## PROBLEM TO SOLVE
Please restate exactly the lines from the one holding "Natalie Ganzhorn" to the end of the material, including both ends and excluding every picture.

--- RAW DATA ---

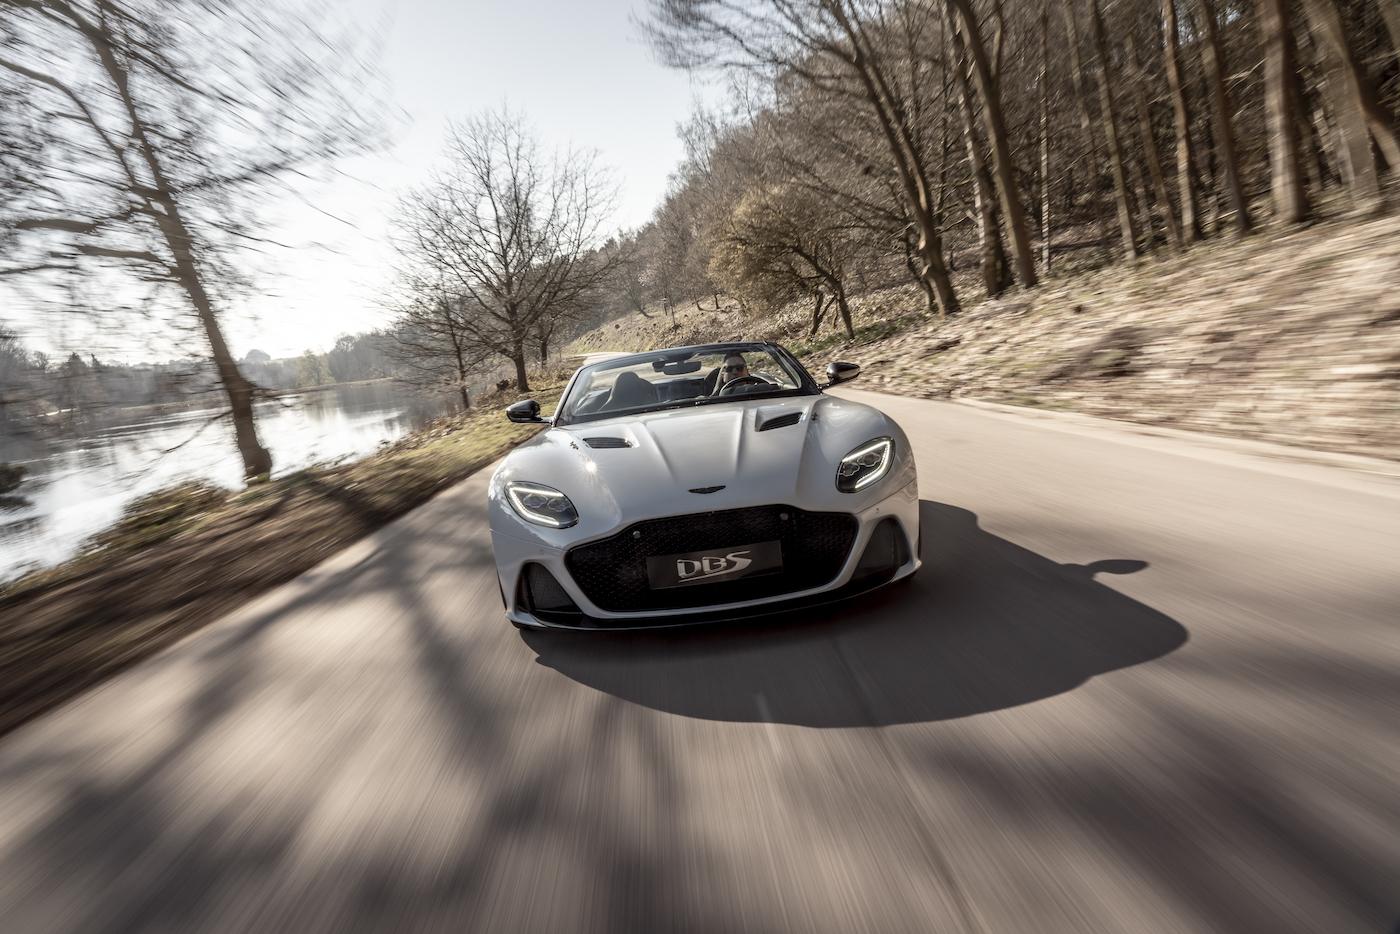 Aston Martin DBS Superleggera Volante: Ein Supersport-Cabrio mit 725 PS 3
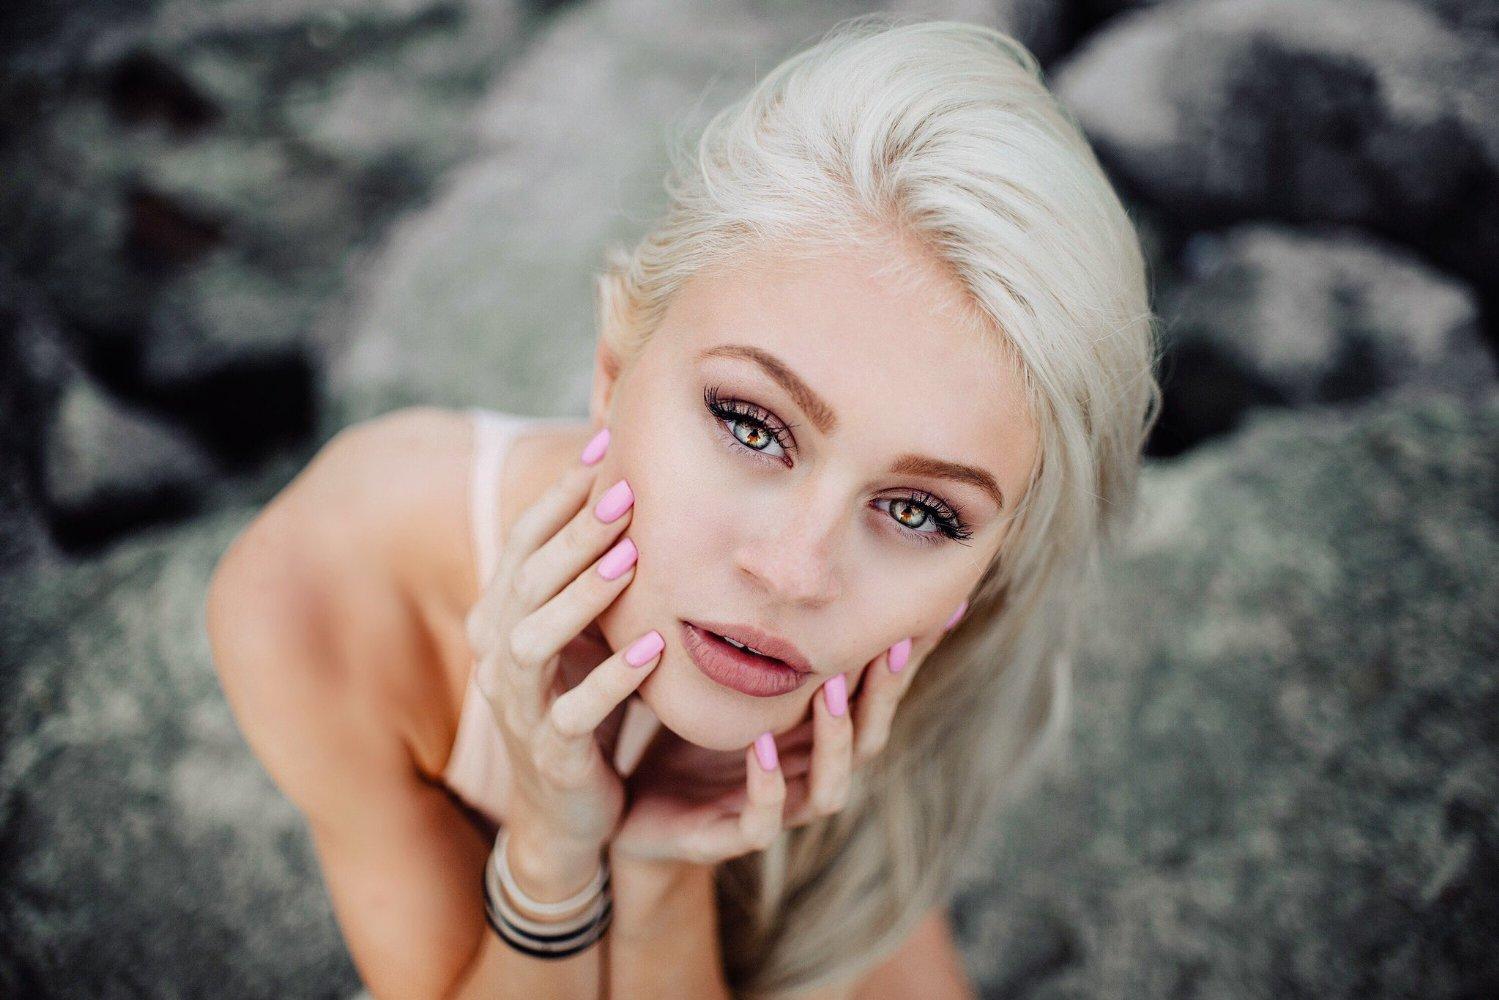 Natalie Ganzhorn
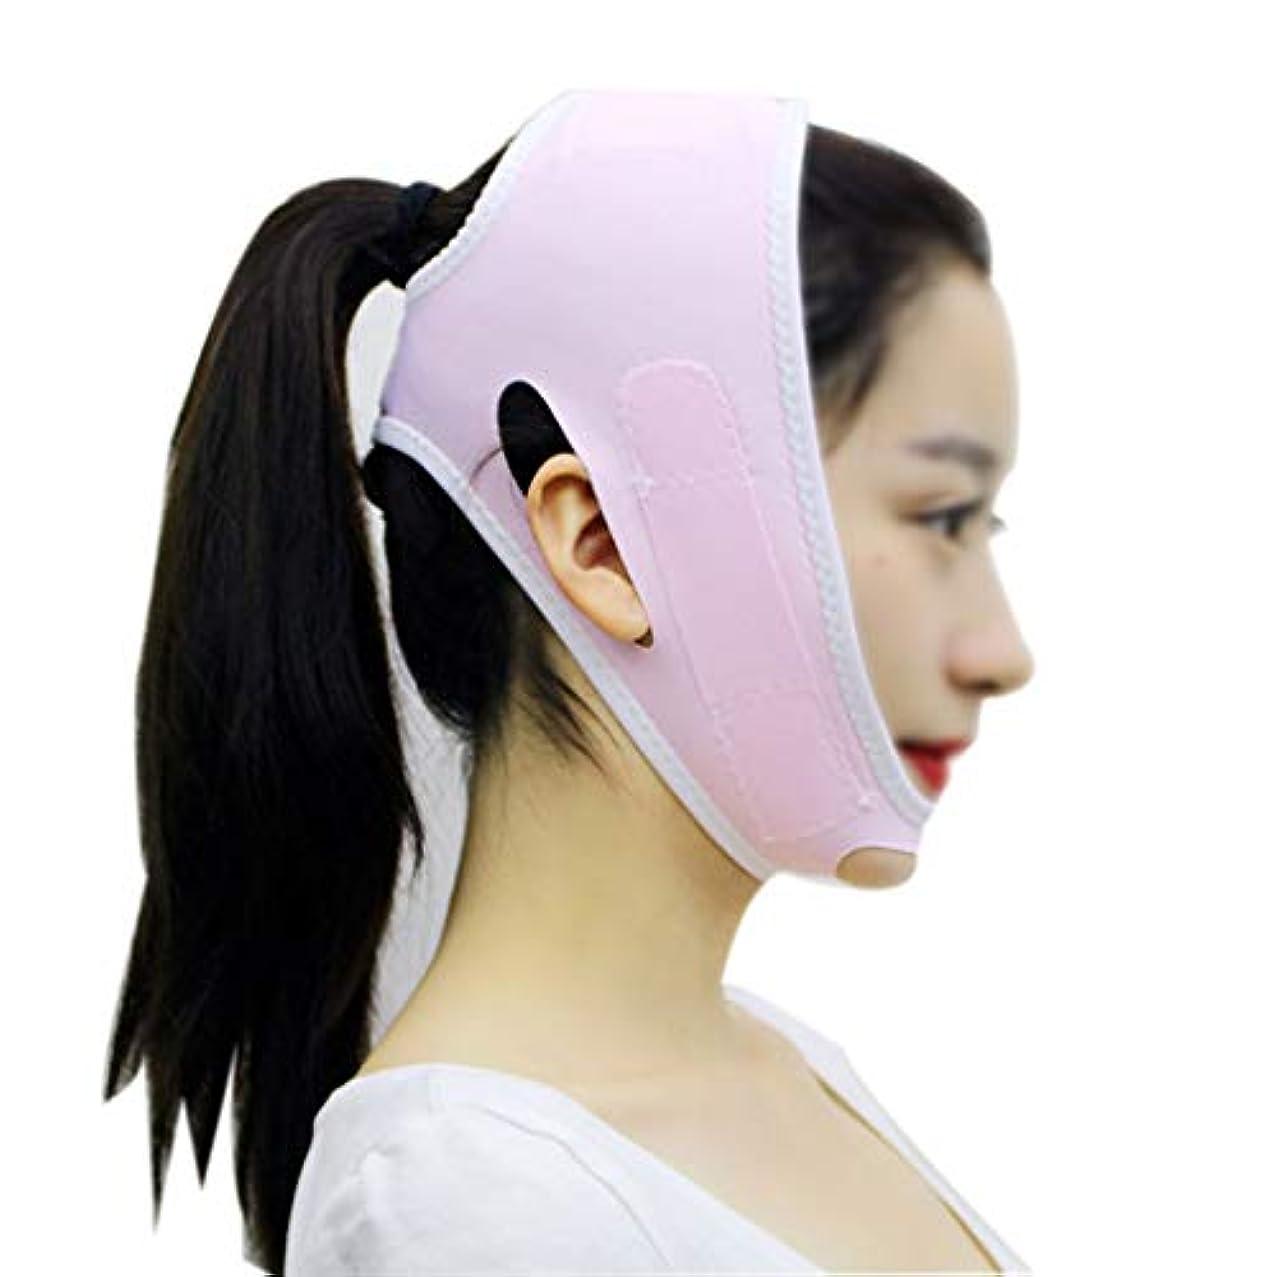 平均士気軽くGLJJQMY 引き締め肌の薄い二重あごマスクを強化するためのフェイスリフティング包帯回復マスク 顔用整形マスク (Color : Pink)

---

## RESPONSE FOR THIS EXERCISE
 Natalie Ganzhorn
 平均士気軽くGLJJQMY 引き締め肌の薄い二重あごマスクを強化するためのフェイスリフティング包帯回復マスク 顔用整形マスク (Color : Pink)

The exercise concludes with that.